A Bay Roskill Vikings and Richmond Rovers junior, Lousi was educated at St Paul's College in Auckland. He played for the New Zealand Warriors Toyota Cup squad, being part of their grand final winning squads in 2010 and 2011. He finished his Toyota Cup career with 43 games and 11 tries.

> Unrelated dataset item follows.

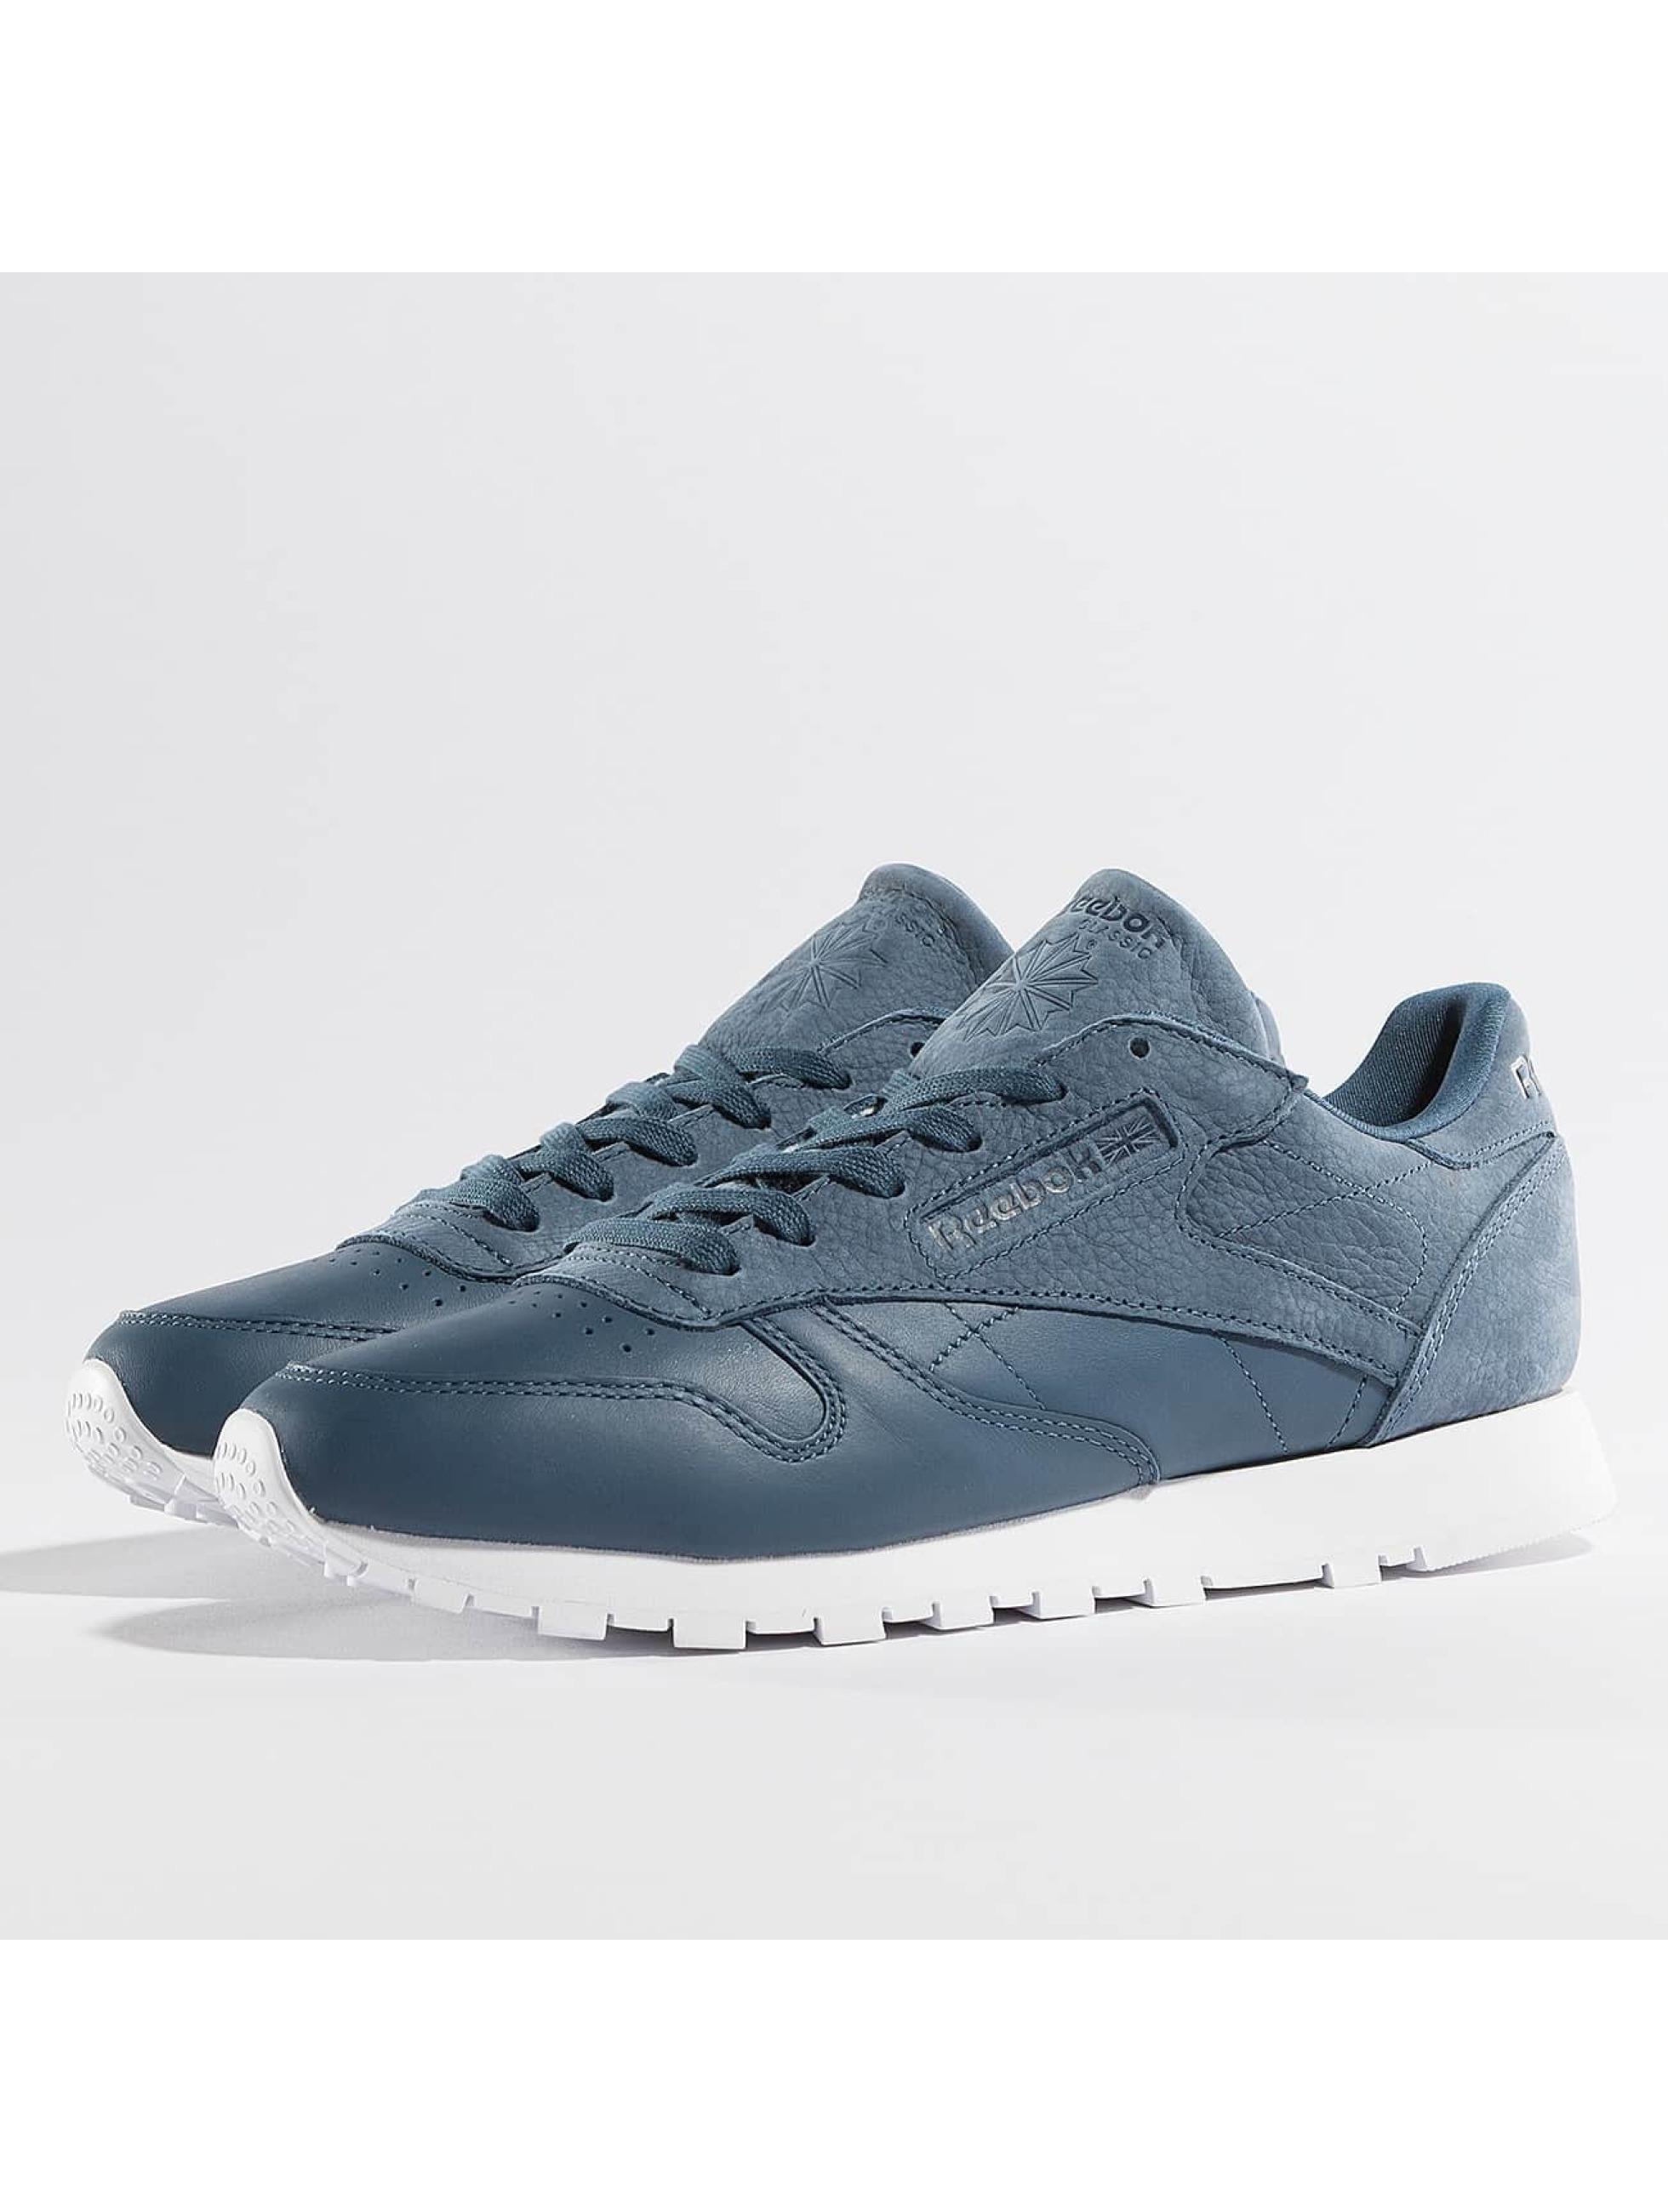 Reebok Frauen Sneaker Classic Leather Sea You Later in blau

Lousi represented the Junior Kiwis rugby league team in 2010 and 2011.

== Club career ==
=== Rugby league ===
Lousi signed with Warriors until the end of the 2013 season and was the tallest and heaviest player in the squad. He spent the 2012 season playing for the Auckland Vulcans in the NSW Cup before making his National Rugby League debut in round 20 as a last minute replacement for Steve Rapira, who suffered an injury in pre-match warm ups. Lousi had played a game for the Vulcans earlier in the day.

=== Rugby union ===
Lousi signed with the NSW Waratahs for the 2015 season but, after gaining four caps, he suffered a shoulder injury which ended his Super Rugby campaign. He joined the New South Wales Country Eagles team in the National Rugby Championship for the 2015 season. In 2016, he joined Sydney club Southern Districts. In 2019, he agreed to join Scarlets. In that same year he was selected to play for Tonga in the Rugby World Cup in Japan. Lousi was named the Scarlets' fans and players' player of the year in the 2021–22 season. He signed a contract extension with the Scarlets in April 2024.